= Alan Newton (surgeon) =

Australian surgeon

Sir Hibbert Alan Stephen Newton MB MS FRCS (30 April 1887 – 4 August 1949), generally known as (Sir) Alan Newton was a noted Australian surgeon.

==History==
Newton was born in Malvern, Victoria, a son of Hibbert Henry Newton (1861–1927) and Clara Violet Newton, née Stephen (1863–1935), and grandson of Hibbert Newton, MP.

He was educated at Haileybury College in Brighton, Victoria, and studied medicine at the University of Melbourne, qualifying in 1909, taking first class honors throughout his course and taking top honours in his final year.
He was resident medical officer at the Melbourne Hospital in 1910 and honorary surgeon to the outpatients department from 1913 to 1917.
He served in the RAAMC with the First AIF during the Great War, then continued his studies in London, and was admitted as a Master of Surgery and a Fellow of the Royal College of Surgeons.
He was a clinical lecturer in surgery from 1927 and honorary consulting surgeon at the Victorian Eye and Ear Hospital.

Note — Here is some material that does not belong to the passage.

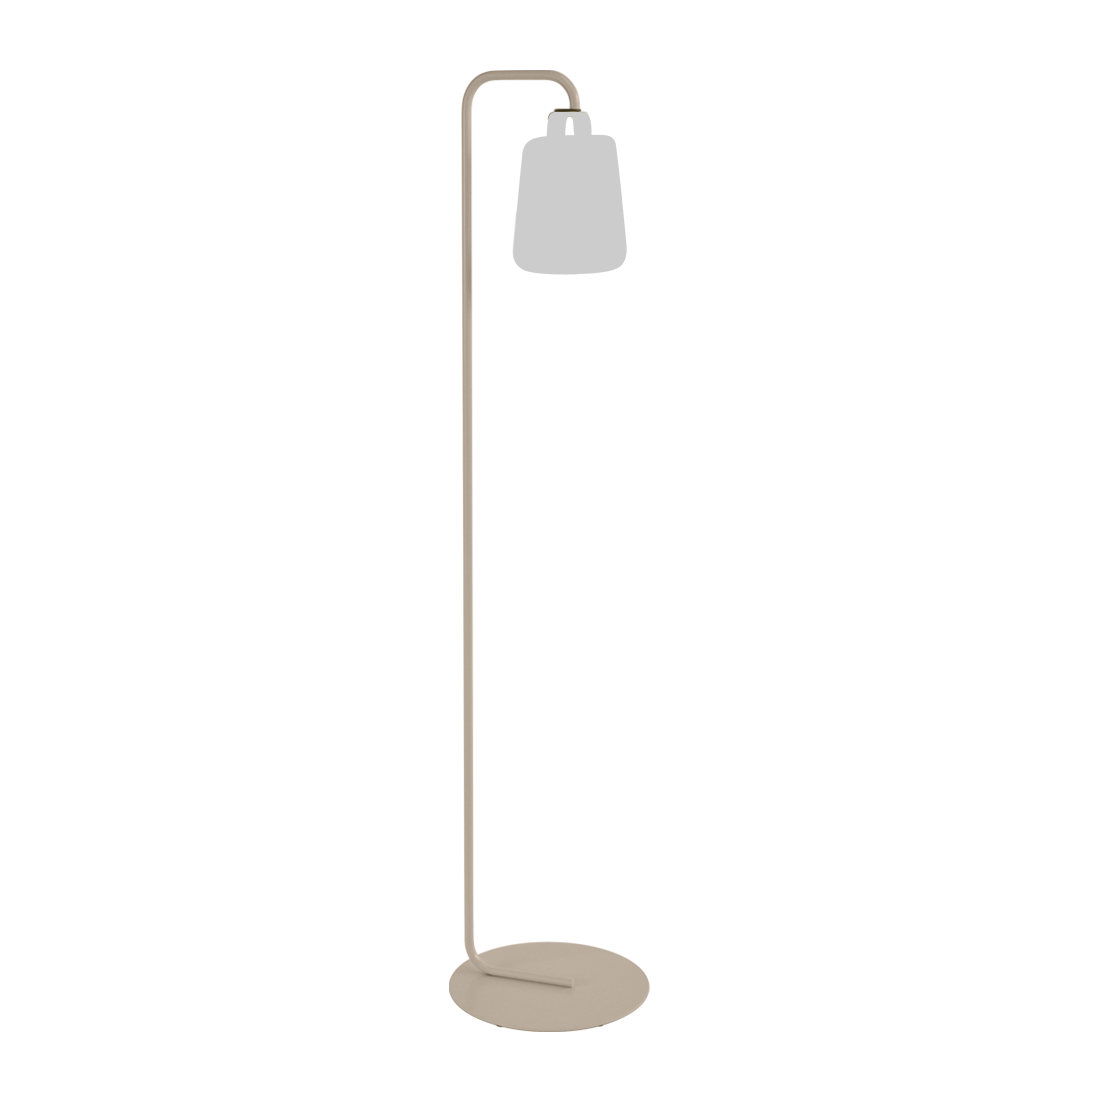 FERMOB - Balad pied simple - lampe vendu séparément -

During the Second World War he served as chairman of the Medical Equipment Control Committee, in charge of allocating medical equipment and material for both military and civilian use. He was instrumental in the first importation of penicillin by air and the development of its manufacture in Victoria.

He was a noted teacher of surgery and largely responsible for the formation of the Royal Australasian College of Surgeons and served as its president. He has been credited with raising the standard of medical teaching in Melbourne.

==Recognition==
Newton was invested as Knight Bachelor by Edward VIII in November 1936.

A portrait by W. B. McInnes (an Archibald Prize entry in 1936) hangs in the Royal Australian College of Surgeons.

==Family==
Newton married Mary Cicely Wicksteed, a niece of Philip Wicksteed in England on 5 June 1919. They had a son and a daughter.